The second part of the research on dry-aging fish focused on increasing the understanding of the parameters that work best (temperature, humidity and time) to achieve the desired characteristics of dry-aged fish. Dry-ageing is a process in which the water content of fish is reduced and the fish deteriorates, until the decomposition of the fish slows down enough to ensure low microbial growth (similar to smoked fish). These studies revealed that it is necessary to work with a lower humidity than 82% and a temperature of 2°c is suitable. The shelf life of fish can be extended by dry-ageing, and a whole fish was kept in the dry-ager for 2 weeks and kept for another 2 weeks without spoiling. Experiments with freezing and storage showed that dry-aged fish is suitable for both. These studies make it possible to make the first statements regarding dry-ageing of fish, as these are the first scientific studies that have been carried out. _____ The second batch of trials from the project dry-aged fish, aimed at understanding which parameters would be best (temperature, humidity, and time) to reach satisfactory dry-aged characteristics to the fish. Dry-ageing is a process where the water content in the fish reduces and the fish loses some weight, to reach a stage where the degradation will be slow enough to ensure low bacterial growth (similar to smoked fish).
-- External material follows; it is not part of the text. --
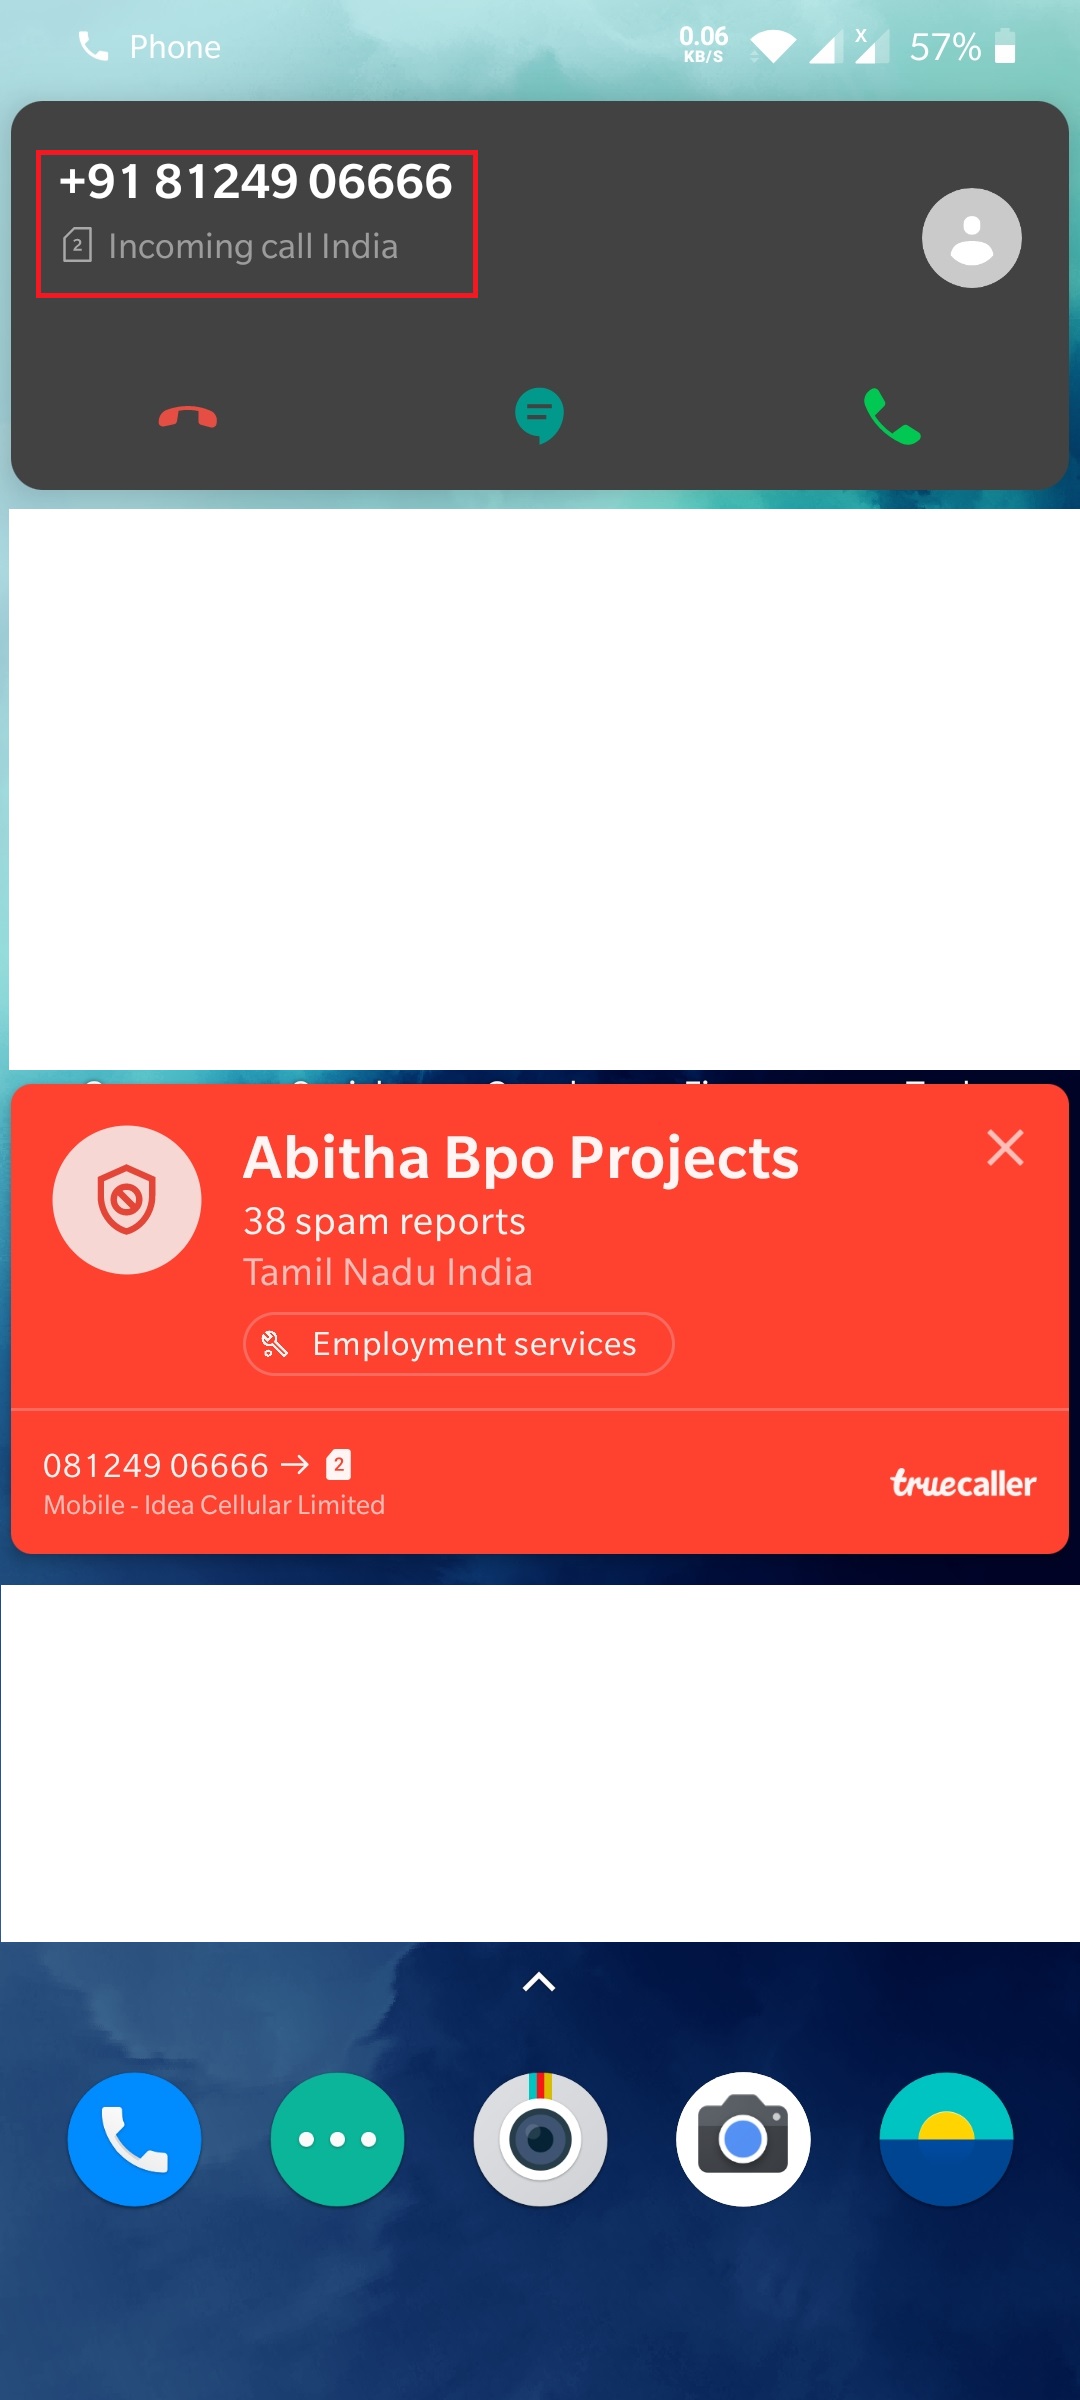 bpo projects provider india phone number callback
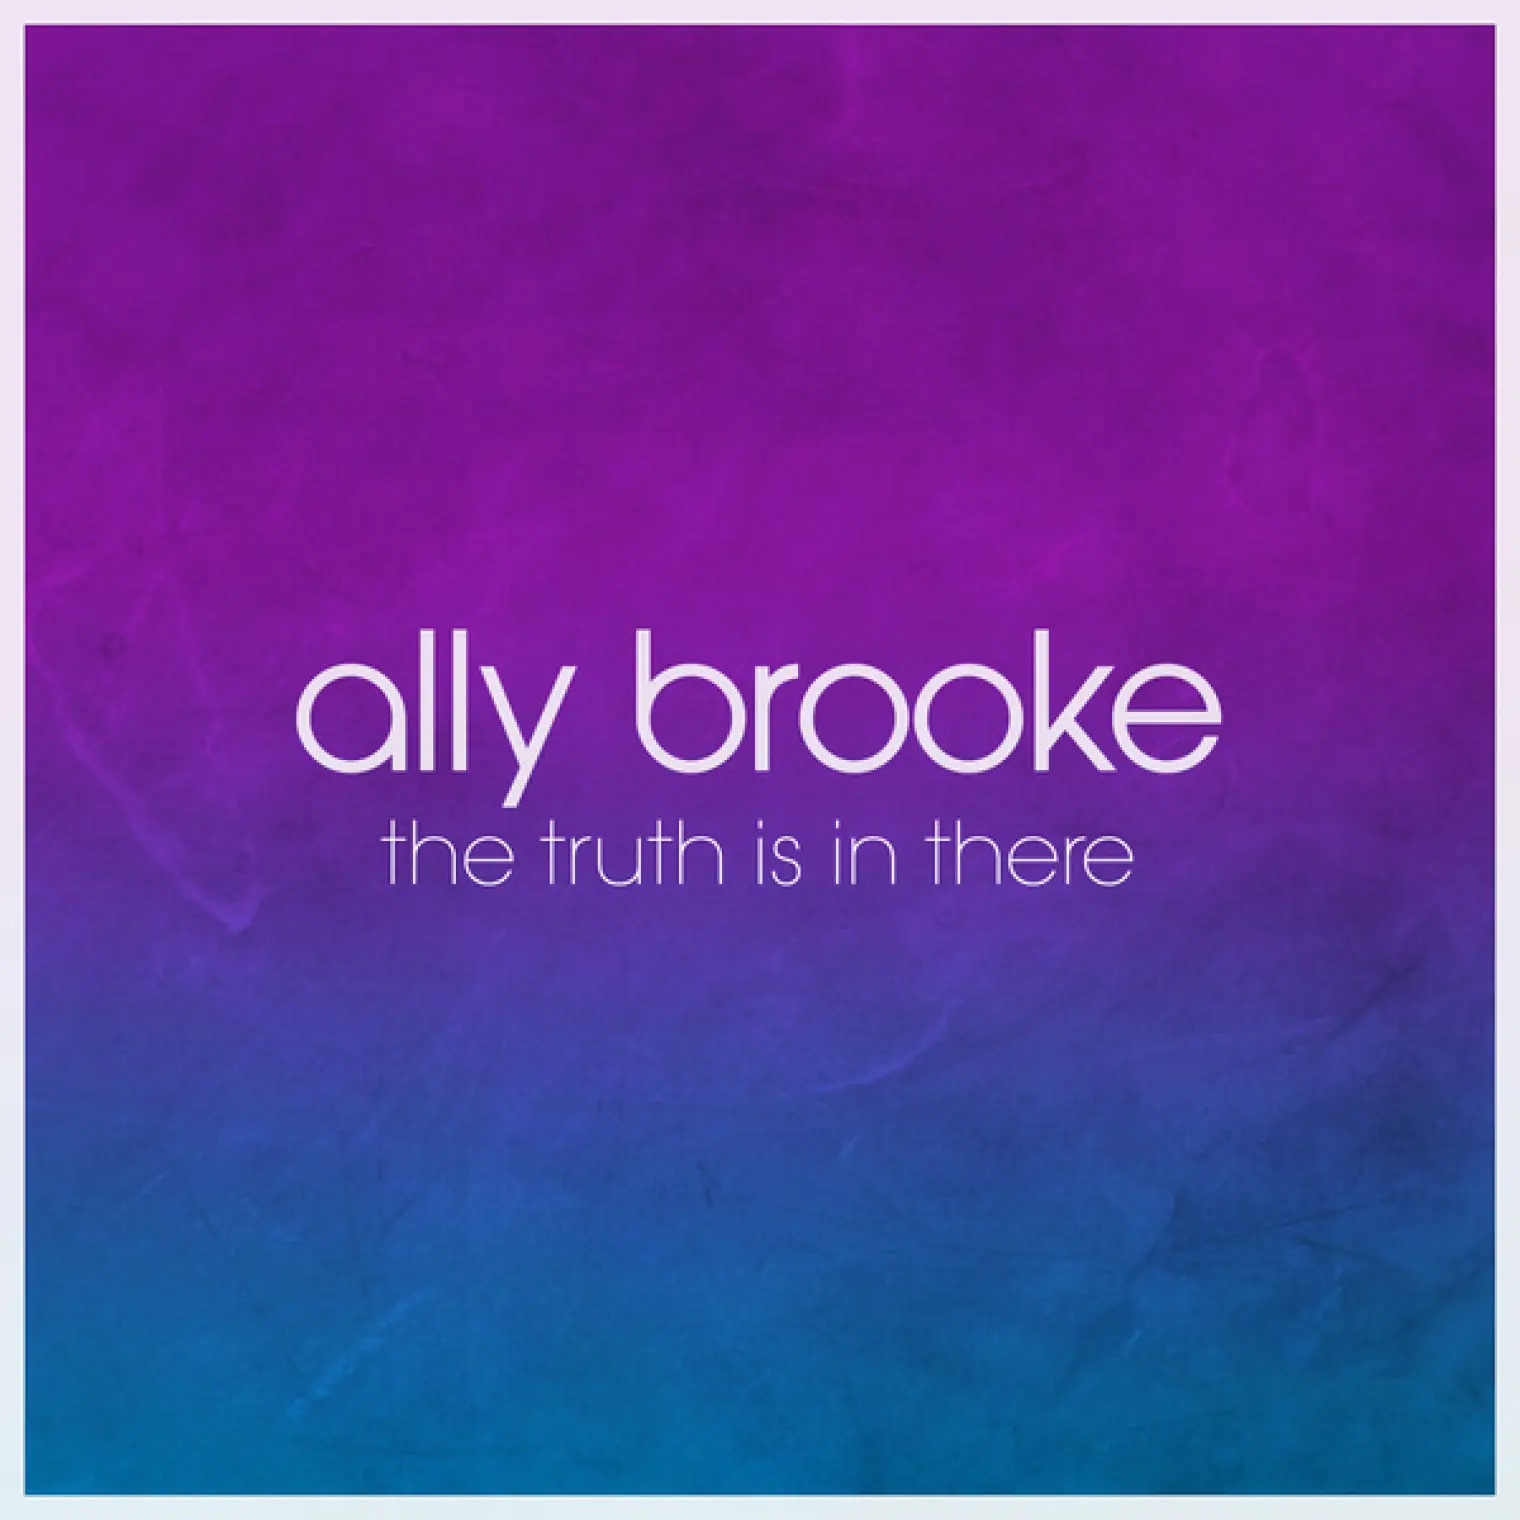 The Truth Is In There -  Ally Brooke

Those trials showed that humidity should be lower than 82% and that 2°C is working. Shelf life of fish can be extended thanks to dry-aging as whole fish could stay in the dry-ager for at least 2 weeks and then stored for 2 more weeks without having any bad attribute developing. Freezing tests and storage tests allowed to show that dry-aged fish supports both processes. Those trials allowed to set the first statements regarding dry-aging fish, with the first scientific data collected.